2026-02-25 Papers

1/2

Paper 1

Decoding as Optimisation on the Probability Simplex: From Top-K to Top-P (Nucleus) to Best-of-K Samplers

Published: 2026-02-20

Link: http://arxiv.org/pdf/2602.18292

1. 📘 Topic and Domain: Language model decoding strategies viewed as optimization problems on the probability simplex.

2. 💡 Previous Research and New Ideas: Builds on classical decoding methods (greedy, softmax, top-k, top-p) by proving they are special cases of a unified optimization framework, and introduces Best-of-K (BoK) sampler for multi-sample generation scenarios.

3. ❓ Problem: Current decoding methods are treated as disconnected heuristics rather than principled solutions, and existing methods perform poorly in multi-sample pipelines where coverage of good alternatives matters.

4. 🛠️ Methods: Formulates decoding as regularized optimization over probability distributions, derives KKT conditions for optimality, and uses mirror ascent algorithm for cases without closed-form solutions.

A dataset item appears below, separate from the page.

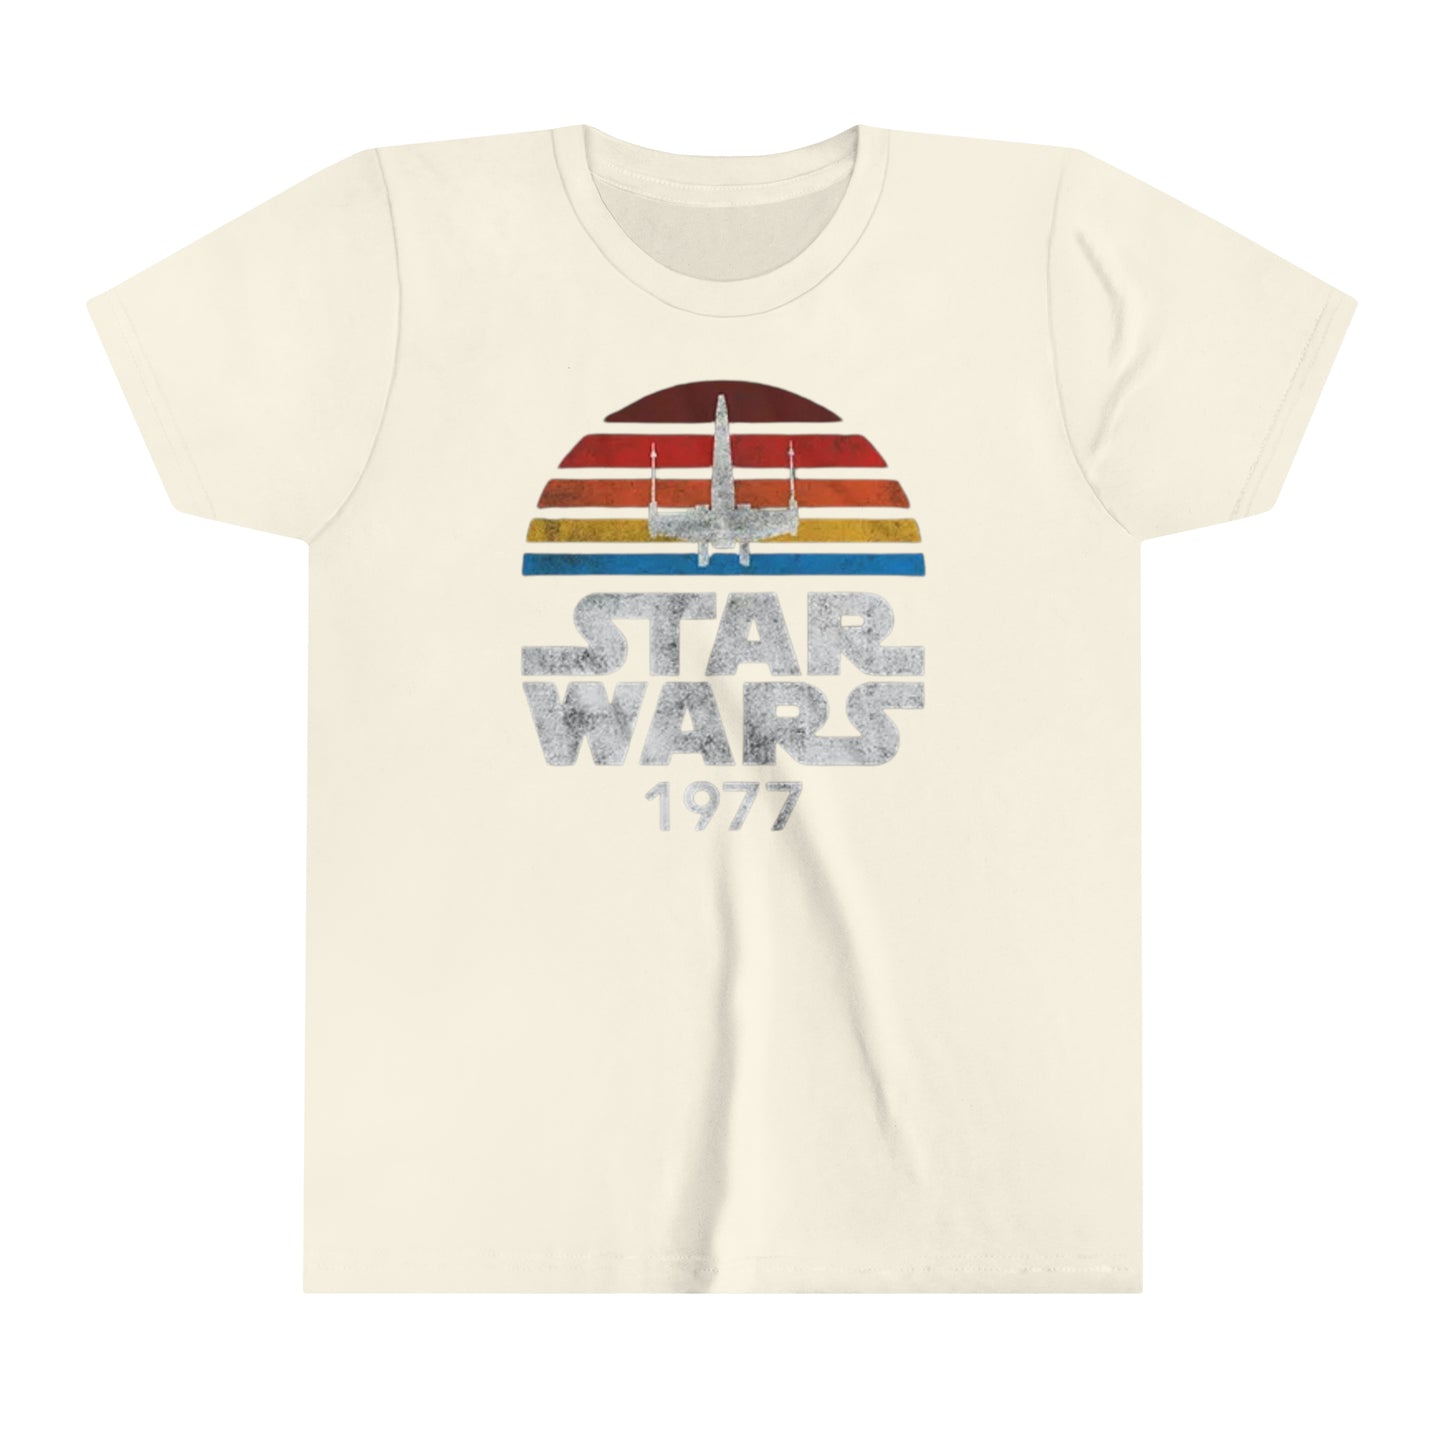 Star Wars 1977 - Youth Short Sleeve Tee

5. 📊 Results and Evaluation: BoK sampler improves accuracy by up to +18.6% on MATH500 at high temperatures compared to baseline, with consistent gains across three benchmarks (MATH500, GPQA, HumanEval) while adding minimal computational overhead (~1s).

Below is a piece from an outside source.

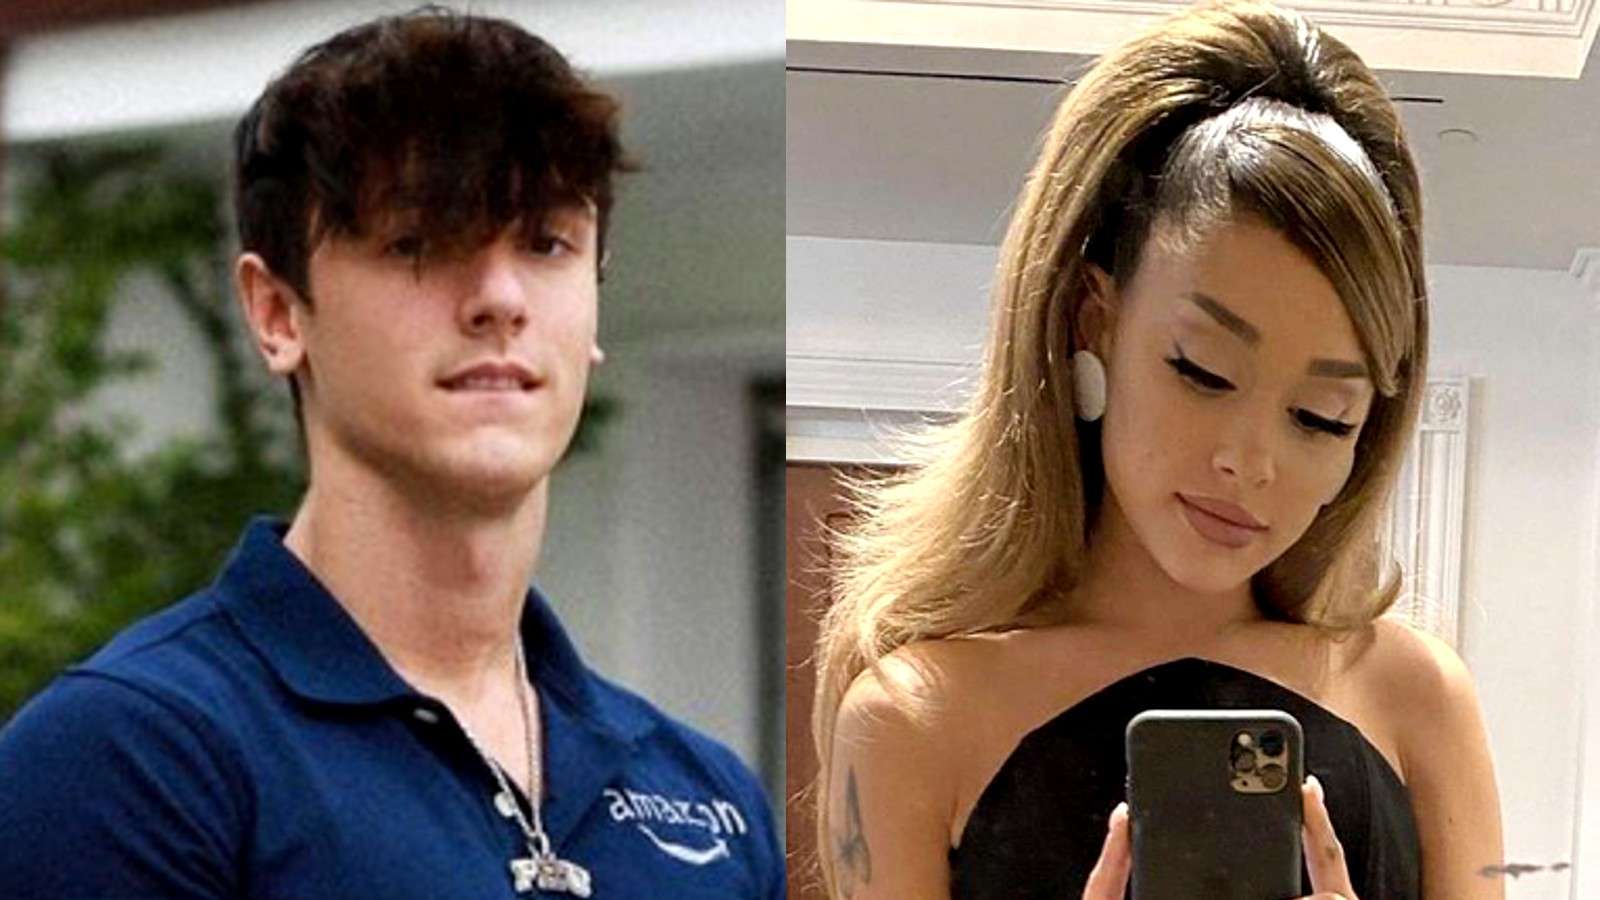 Image of TikTok star Bryce Hall next to image of Ariana Grande

Decoding as Optimisation on the Probability Simplex: From Top-K to Top-P (Nucleus) to Best-of-K Samplers

1/2

Paper 2

tttLRM: Test-Time Training for Long Context and Autoregressive 3D Reconstruction

Published: 2026-02-23

Link: http://arxiv.org/pdf/2602.20160

1. 📘 Topic and Domain: The paper presents tttLRM, a Large Reconstruction Model that leverages Test-Time Training (TTT) for high-resolution, long-context, and autoregressive 3D reconstruction from multiple images.

2. 💡 Previous Research and New Ideas: The paper builds on Large Reconstruction Models (LRMs) and Test-Time Training approaches, proposing a novel architecture that interprets TTT fast weights as implicit 3D representations that can be decoded into explicit formats like 3D Gaussian Splatting with linear computational complexity.

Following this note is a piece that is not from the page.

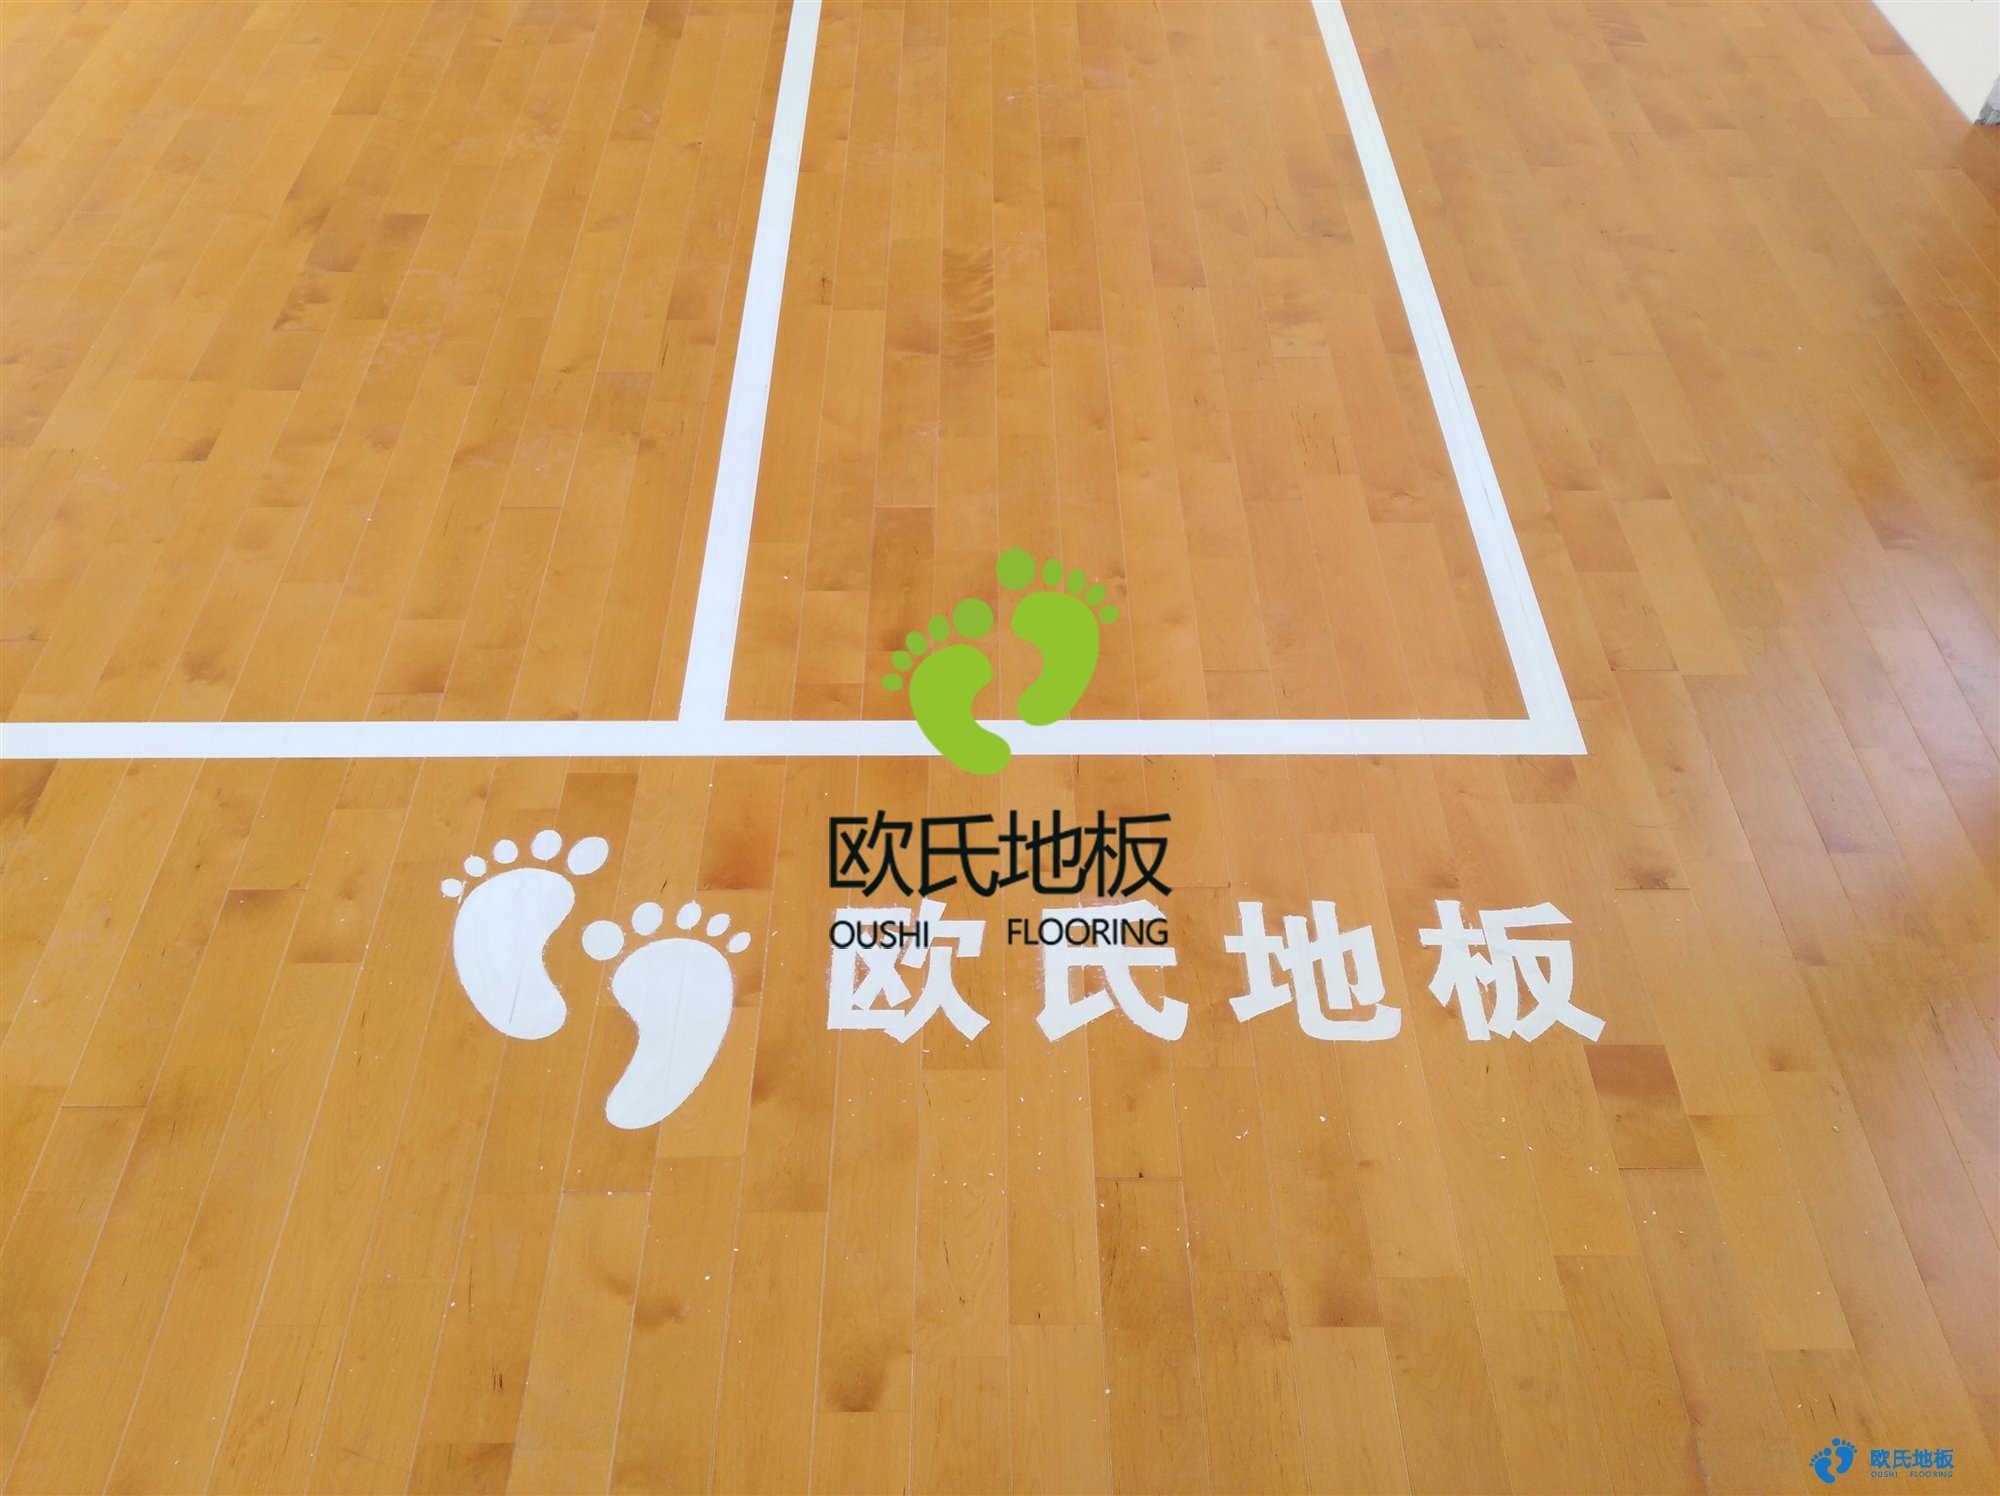 邹城运动木地板经销 体育馆运动地板工程安装

3. ❓ Problem: The paper aims to solve the limitation of existing 3D reconstruction methods that either require slow per-scene optimization or are restricted to processing only a few input views due to quadratic attention complexity.

4. 🛠️ Methods: The authors use LaCT (Large Chunk Test-Time Training) blocks with linear complexity, encode input images as tokens that update fast weights during inference, and query these weights with virtual tokens to decode into explicit 3D representations like Gaussian Splats.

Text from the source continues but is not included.